As the port gondola crashed, Renaud had a fleeting sense of being violently projected into space, then smashing heavily into the snow. Black mist swept through his brain, cleared. He lay, a mass of aches. Then his eyelids flicked open. He tried to scream as he gazed upward.
The dirigible, freed of the weight of one engine cabin, had shot high in the air again!
In that moment, Renaud saw Harrison, the meteorologist, and Captain Bartlot standing at an observation opening and looking down in distress. Their eyes, wide with apprehension, seemed fixed on him until the huge balloon disappeared in the mist. From somewhere on high, a piece or two more of ballast crashed down and fell far out on the ice. A little later a thin streak of smoke showed up against the northern sky. Had the dirigible caught fire, or was this merely a smoke signal?

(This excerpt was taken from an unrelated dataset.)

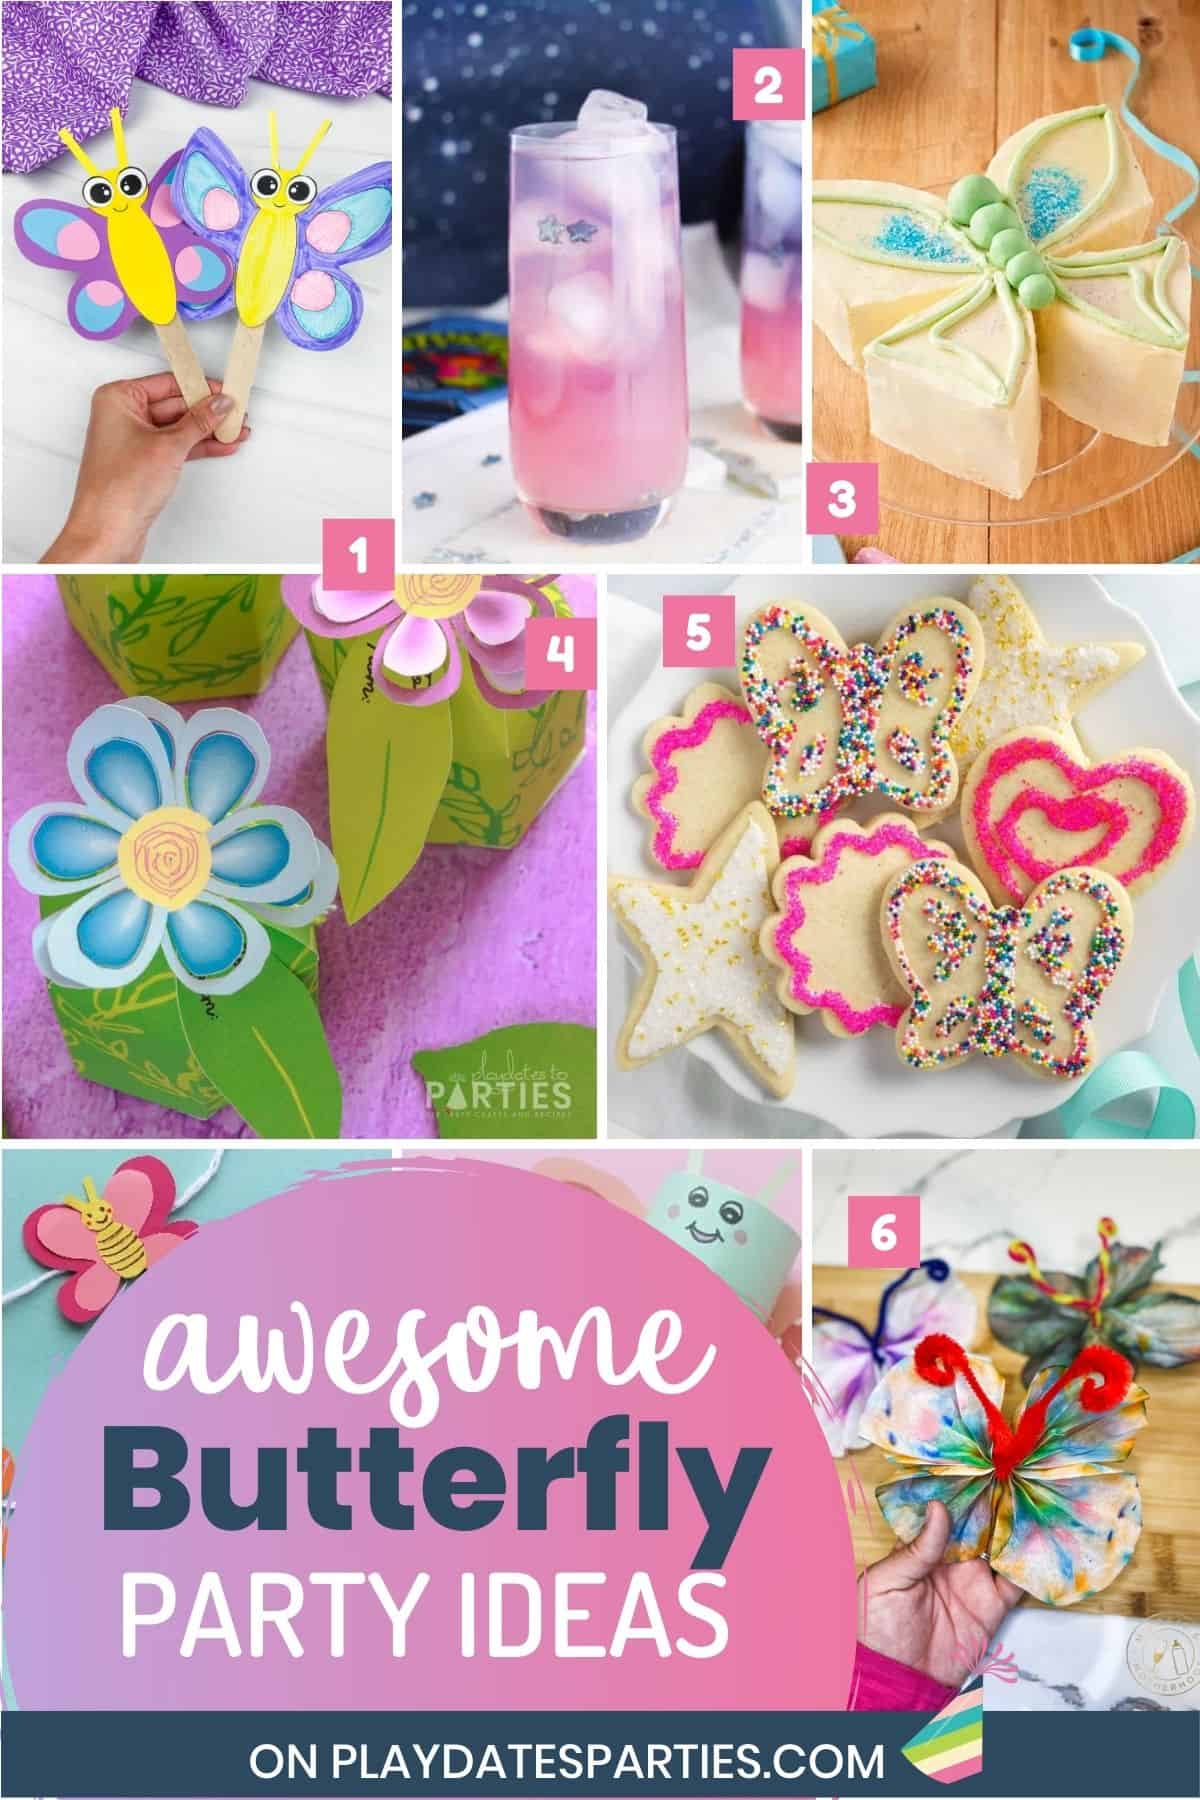 A collage of food, decorations, and crafts with text overlay awesome butterfly party ideas.
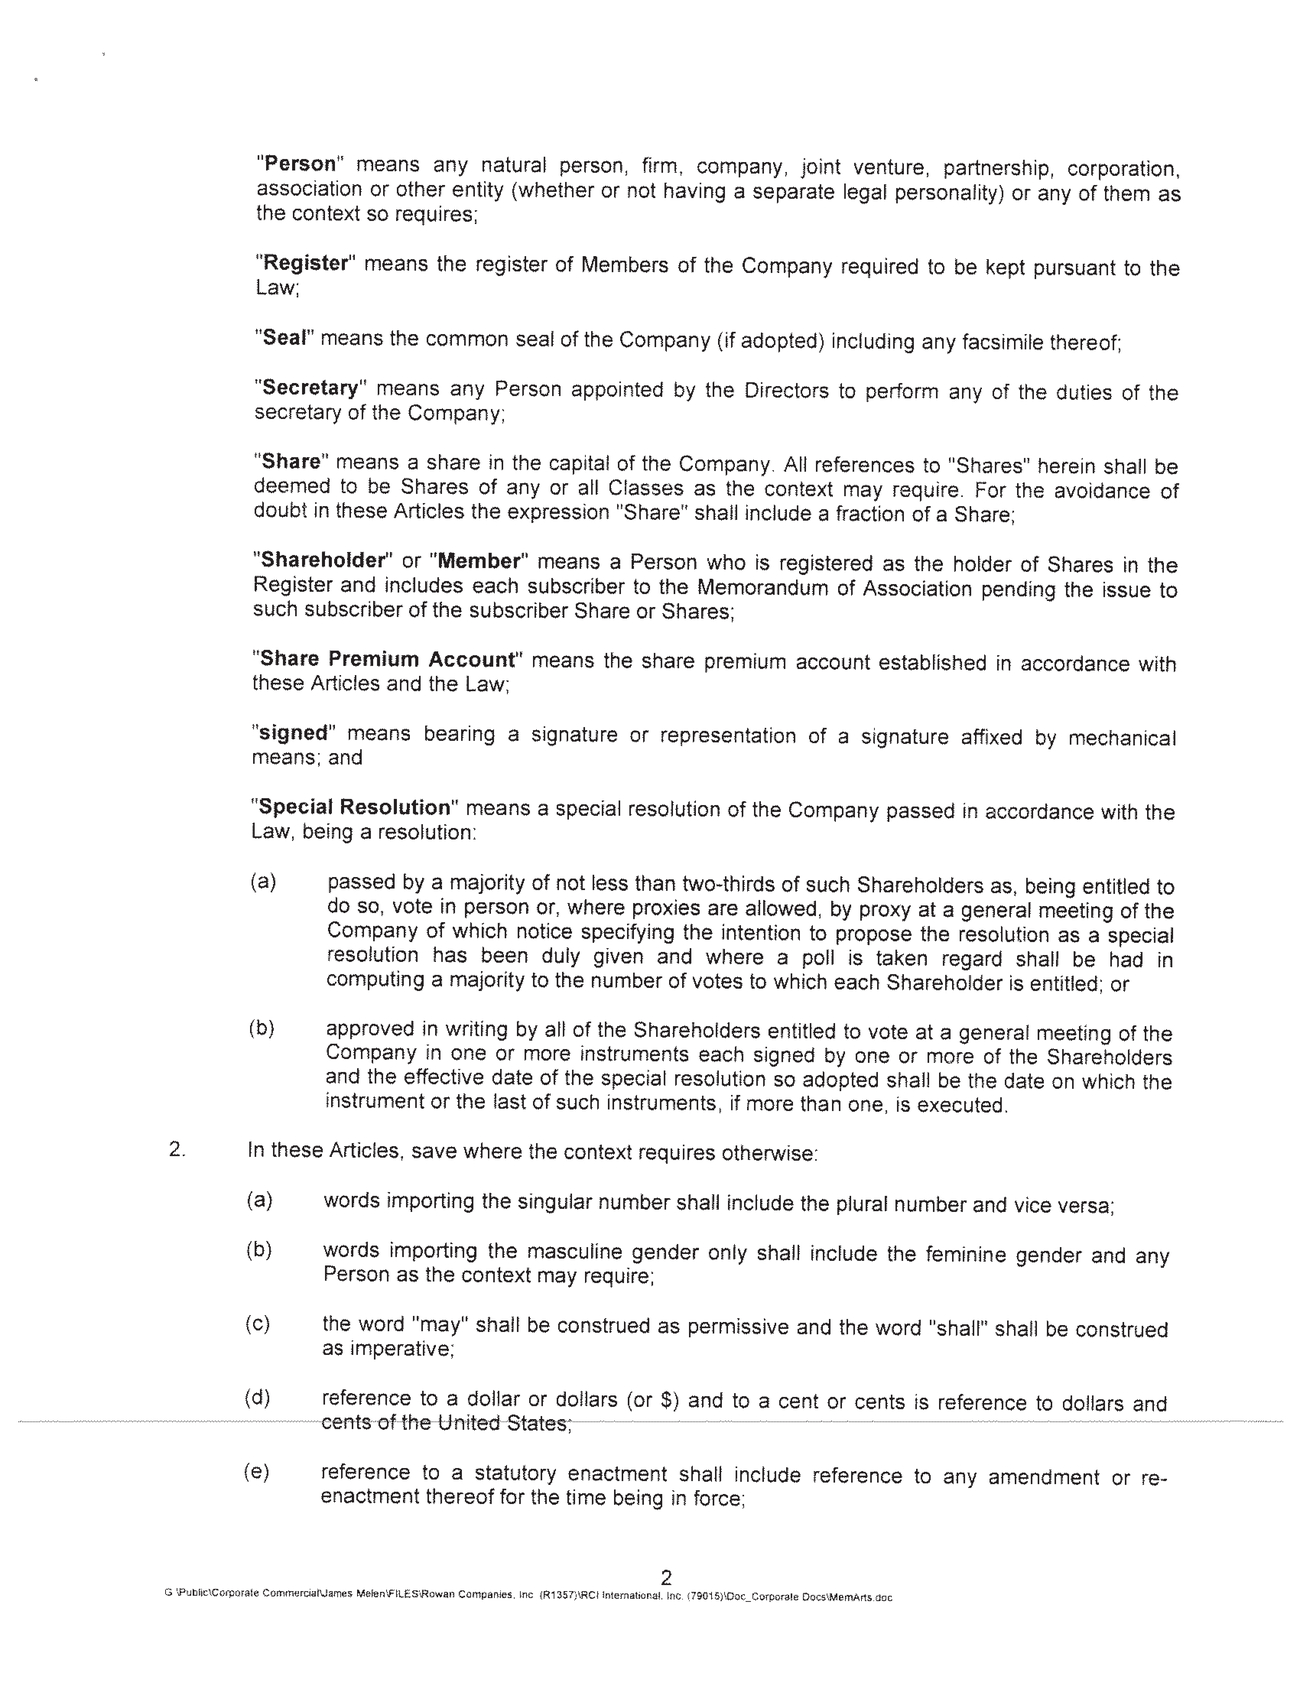 New Microsoft Word Document - Copy_page003page020page001 memorandum and articles of association of rci international inc_page007.jpg

More terrible than the bitter cold creeping into Renaud’s body was the desolation creeping into his heart.
CHAPTER XX
F-O-Y-N
Renaud lay where he had been flung, in a narrow trough of snow that was almost like a coffin. He scarce knew whether he was alive or dead. At first the bitter cold had pierced him sharply. Now his arms felt nerveless, like some leaden weights. All sense of touch seemed to have left his hands. He hardly knew whether they were still attached to his wrists or not.
Suppose he were dead? Suppose he were in his coffin? A pleasant stupor was creeping, creeping over him.
He was dying. He was freezing to death.
Through his stupefied brain a tiny thought kept hammering desperately. Rouse—move—stir! So the tiny impulse kept throbbing, but slower, and slower now. It was the impulse of life resisting death to the very end.
The storm gale had spent itself, but a tag end of wind fluttered across the wastes and hurled snow with a sudden vicious sting into Renaud’s face. Its cold slap roused the boy momentarily. He stirred. His circulation set up its throb again. Life was calling. Lee forced himself to a sitting posture. He must not give up. He must fight this temptation to abandon himself to this numbing, creeping cold. In slow movements, he freed himself of the drift snow, forced himself to stand, began to put one numb foot before the other in shaky progress across the ice sheet and its swathing of snow.